After installation, the average energy savings from optimizing a company’s chiller plant ranges from 20 to 30 percent.
The potential for saving money is therefore huge, as in many cases, the cooling system accounts for about 60 percent of a building’s total energy costs given the humidity of Singapore.
Two of BBP’s projects have recently won awards:
- For Philips Lumileds (NEA award winner 2015), where BBP’s solution saves around 3,300,000 kWh annually.
- For RWS (NEA award winner 2017), where BBP’s solution saves 5,500,000 kWh annually.
In general, BBP can help companies located in a normal CBD office building save SGD100,000 (US$75,850) to SGD200,000 (US$151,700) annually.
For a shopping mall, the annual savings range from about SGD300,000 (US$227,500) to SGD500,000 (US$379,200).
Hotels typically save up to SGD700,000 (US$530,900) annually, while savings for industrial buildings can go up to SGD2 million (US$1.52 million).
Today’s buildings utilize a significant percentage of energy, while carbon dioxide emissions from buildings account for 30 to 40 percent of the total greenhouse gas emissions. The Singapore government and private companies around the world are constantly seeking new energy efficiency technologies to minimize the buildings’ environmental impact and related costs.
Building a cleantech startup
Getting the business up and running was the easy part. The hard part was making the sale to facilities management (FM) companies and teams.
“FM specialists often questioned BBP’s ability to install the solution without interrupting their operations, the ability of our system to achieve savings without risking their operational KPIs, and even the viability of our company to take on a long-term contract,” explained Rajamand.
It took BBP an entire year to secure their first client.
“Securing the first client and showcasing that our idea actually worked was a big breakthrough. Although the project was delayed and heavily over-budget, it showed that the idea and business model worked,” revealed Rajamand.
With that proof of concept in hand, the company raised seed funding and started their exciting journey.”

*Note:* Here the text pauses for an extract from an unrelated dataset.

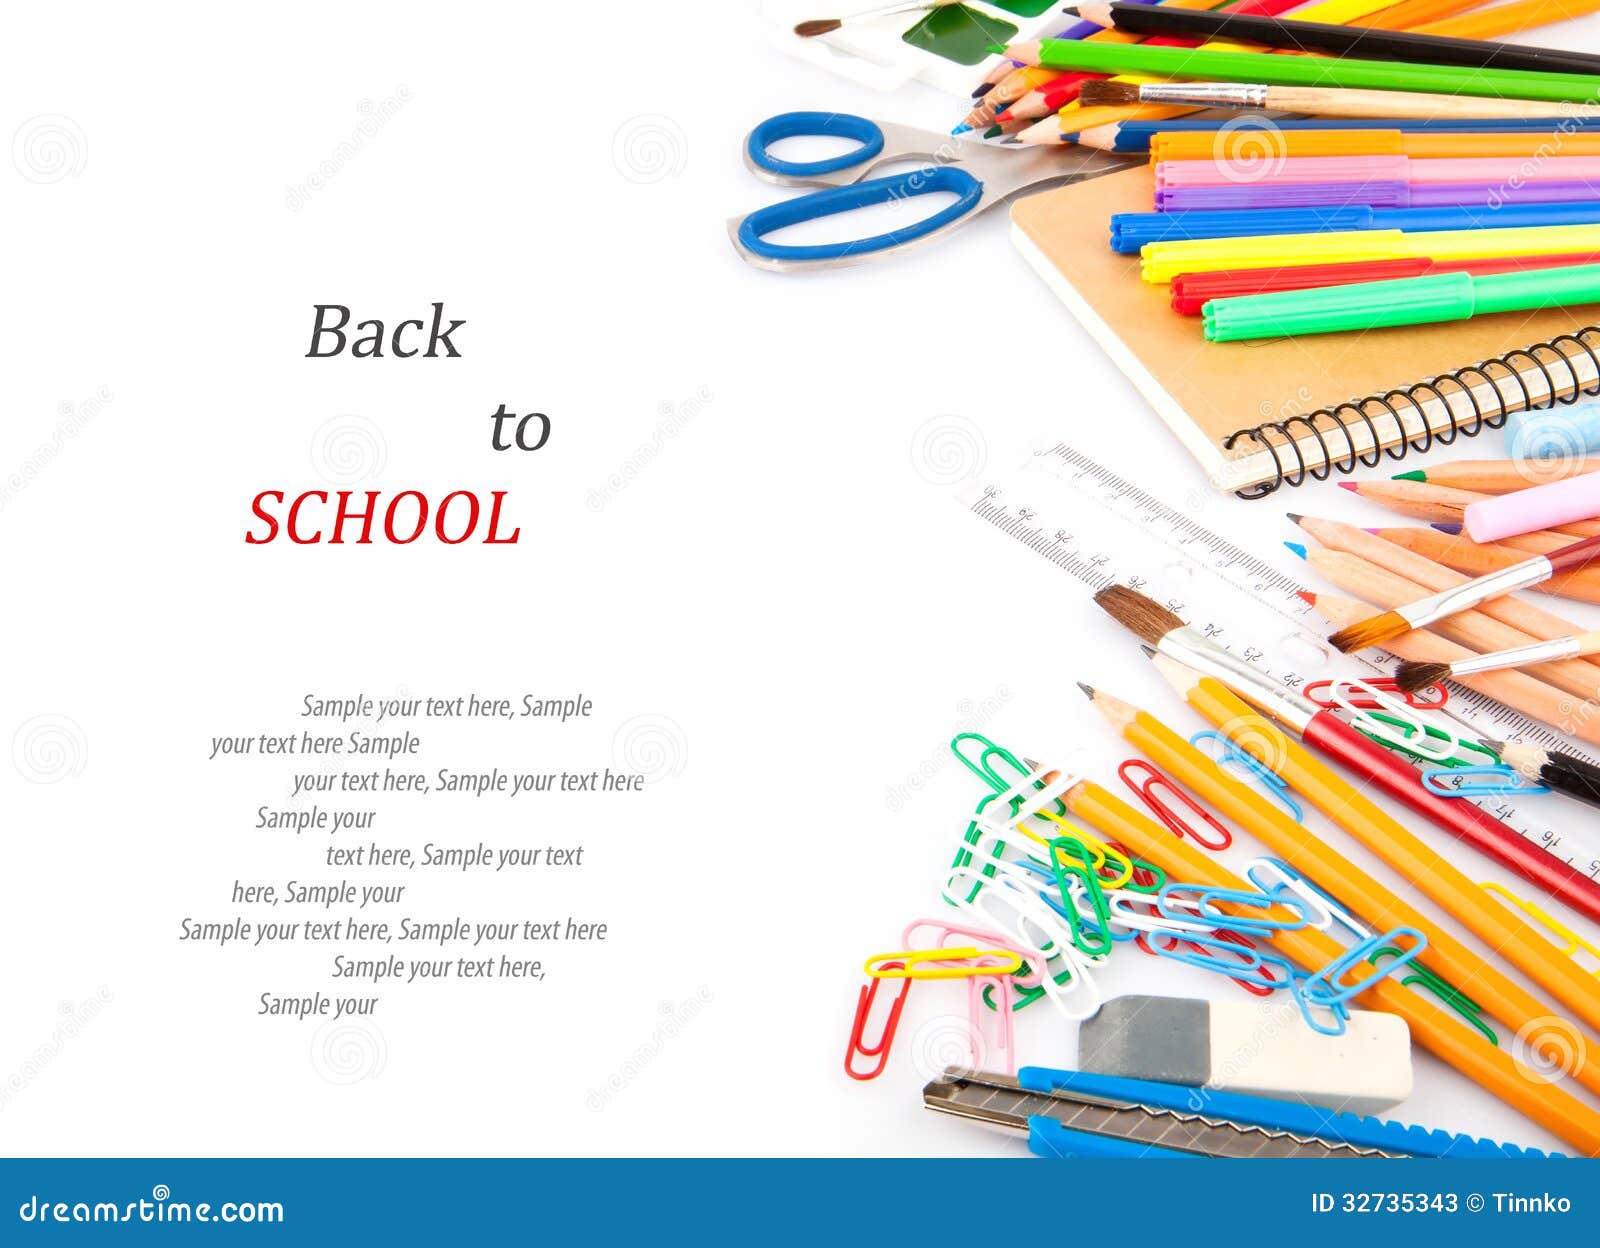 Stationery Back To School Concept Stock Photos Image 32735343

Since then, BBP has raised US$8.7 million from private investors and is planning to raise another SGD10 to SGD15 million (US$7.6 million to US$11.4 million) from institutional investors and corporate venture arms to fuel its growth.
Rajamand explained that government agencies have played a considerable role in the company’s success story.
“Help from different government agencies in product development and international expansion has helped BBP gain credibility in the market.”